Figure 6: Test NLL vs word frequency on the BookCorpus dataset. Left to right: rarest to most frequent word bins.

6.2 Coarse-only Transformer LMs

We explore the possibility of training a model that makes predictions directly at a particular scale. For example, if we consider a scale of 4, we initially downsample the input by a factor of 4 by averaging the embeddings of every non-overlapping 4-gram chunk. We then run transformer layers on this input and use the final representations at each step to predict the next 4-gram

chunk. We train the model to make these predictions by minimizing the cross-entropy between the model’s output distribution and a uniform distribution over the subsequent 4-gram.

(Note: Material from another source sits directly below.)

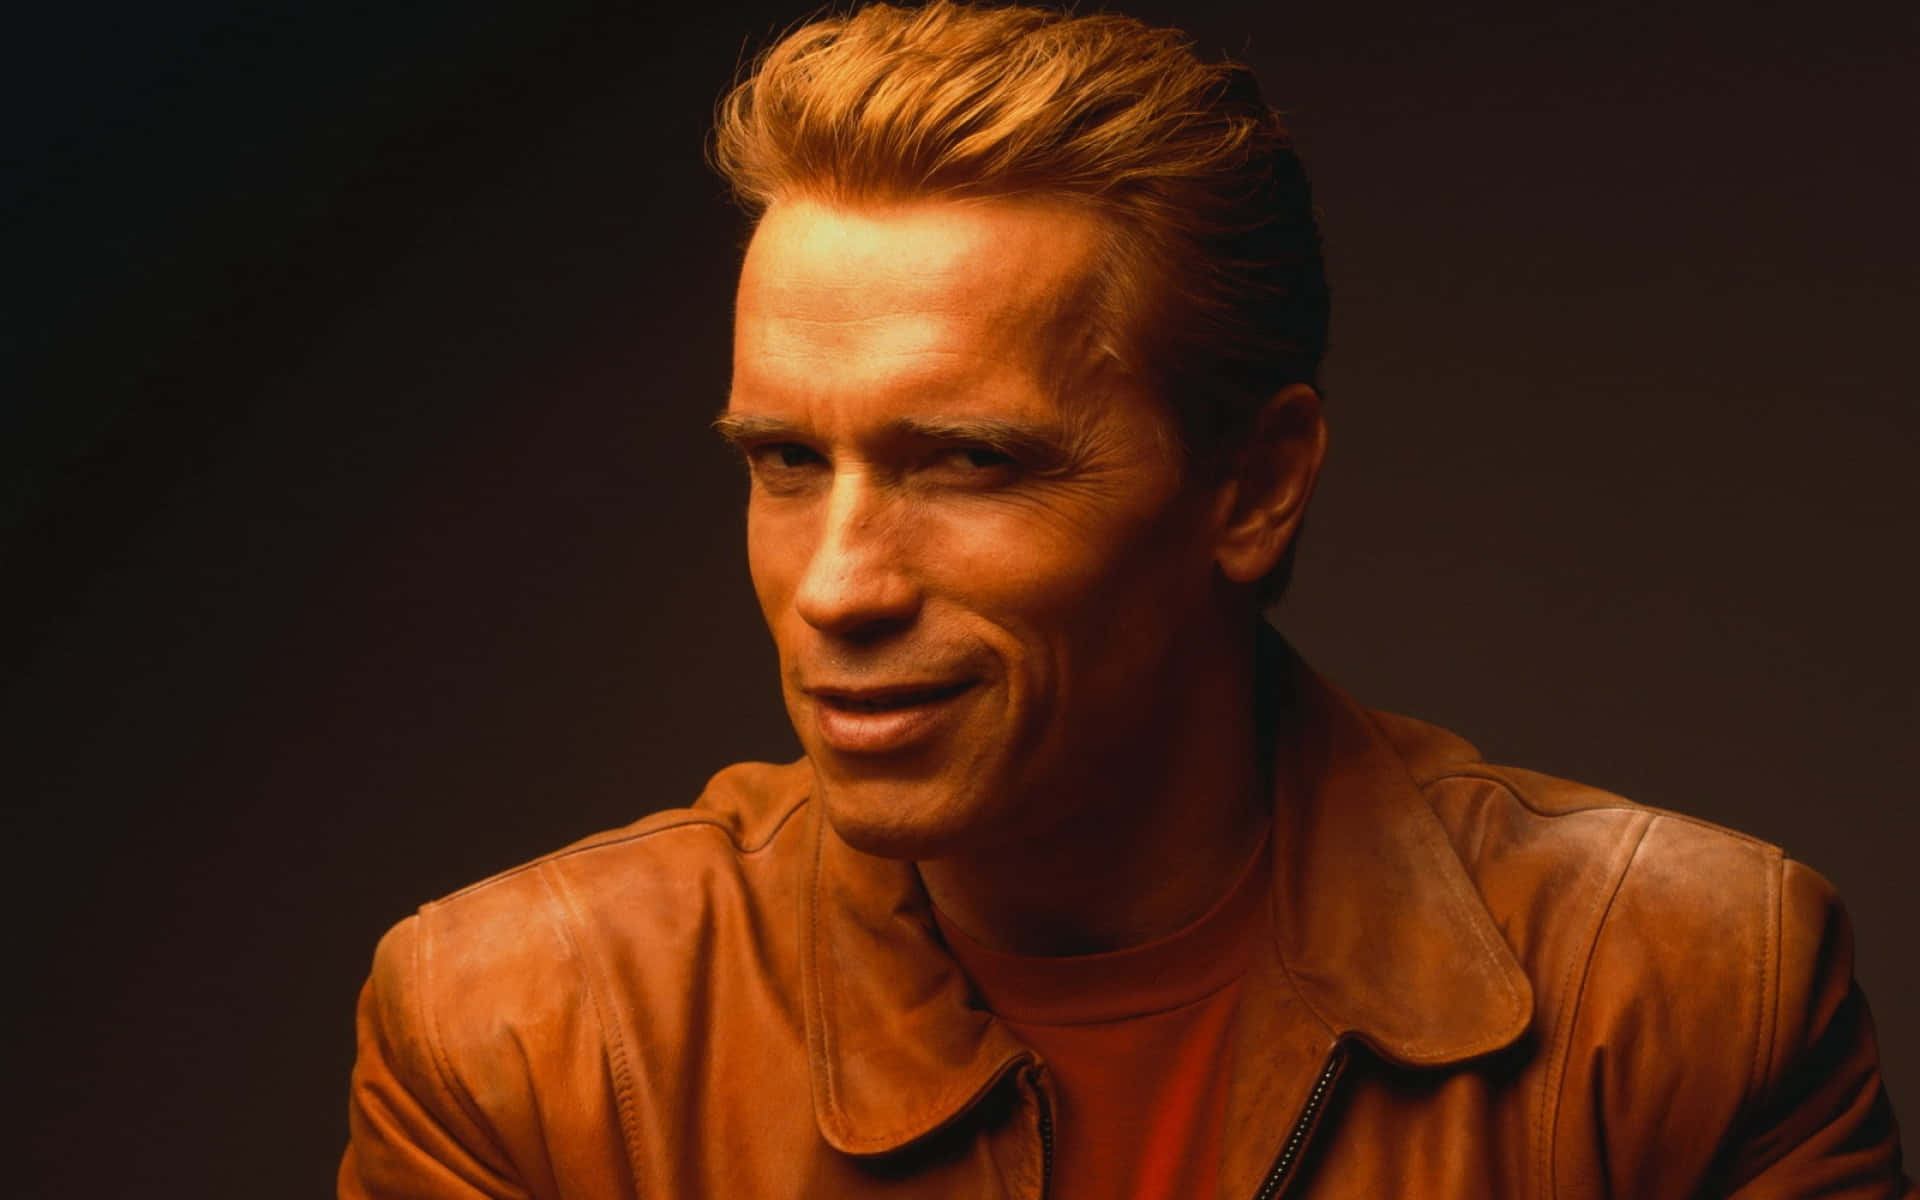 Atorlendário E Ex-governador Arnold Schwarzenegger

Table 7 presents qualitative results showing model predictions for the following. We experimented with adding this criterion of being able to predict the subsequent bag of words distribution in our top-down model at all scales, but didn’t observe any improvements. This experiment mostly served as a sanity check to ensure that the representations learned at different scales can be useful. To ensure that representations at different scales learn meaningful representations, we qualitatively analyze them by looking at nearest neighbors computed using them in Table 6. We found that nearest neighbors computed on Wikitext-103 typically returned segments within highly related topics.

6.3 Sample-Level Evaluation Metrics

A hallmark of the recent progress in language modeling has been improvements not only in perplexity, but sample quality as well. While evaluating generative models of text purely based on their samples is extremely difficult and an ongoing effort (cifka2018eval; semeniuta2018accurate), we would like to ensure that we aren’t losing out on sample quality with respect to vanilla transformer LMs.

We therefore borrow a few sample-level evaluation metrics typically used to evaluate GAN-based text generation methods to compare samples from our model with vanilla transformer LMs. In all sample-based evaluation setups, we provide models with 64 tokens of context and generate sequences of length 256 with topk sampling

(fan2018hierarchical) and a temperature of 0.7.

N-gram and GPT-2 PPL

- We compute the likelihood of model generated samples under a pre-trained kneser-ney smoothed 4-gram language model (heafield2011kenlm) and a pre-trained GPT-2 345M parameter model (radford2019language).

Ref BLEU

- Given an a particular input context, we generate 3 distinct completions and use these as references to compute BLEU wrt the ground truth completion.

N-gram repeats

- Following welleck2019neural, we also estimate the fraction of 1,2,3 and 4-grams that the model repeats.

Quantitative results for different models are presented in Table 5, with qualitative samples in Table 9. We could not observe any significant difference in sample quality between the different models. We also report the time it takes for each model to generate a sequence of 256 tokens given a context of 64 tokens.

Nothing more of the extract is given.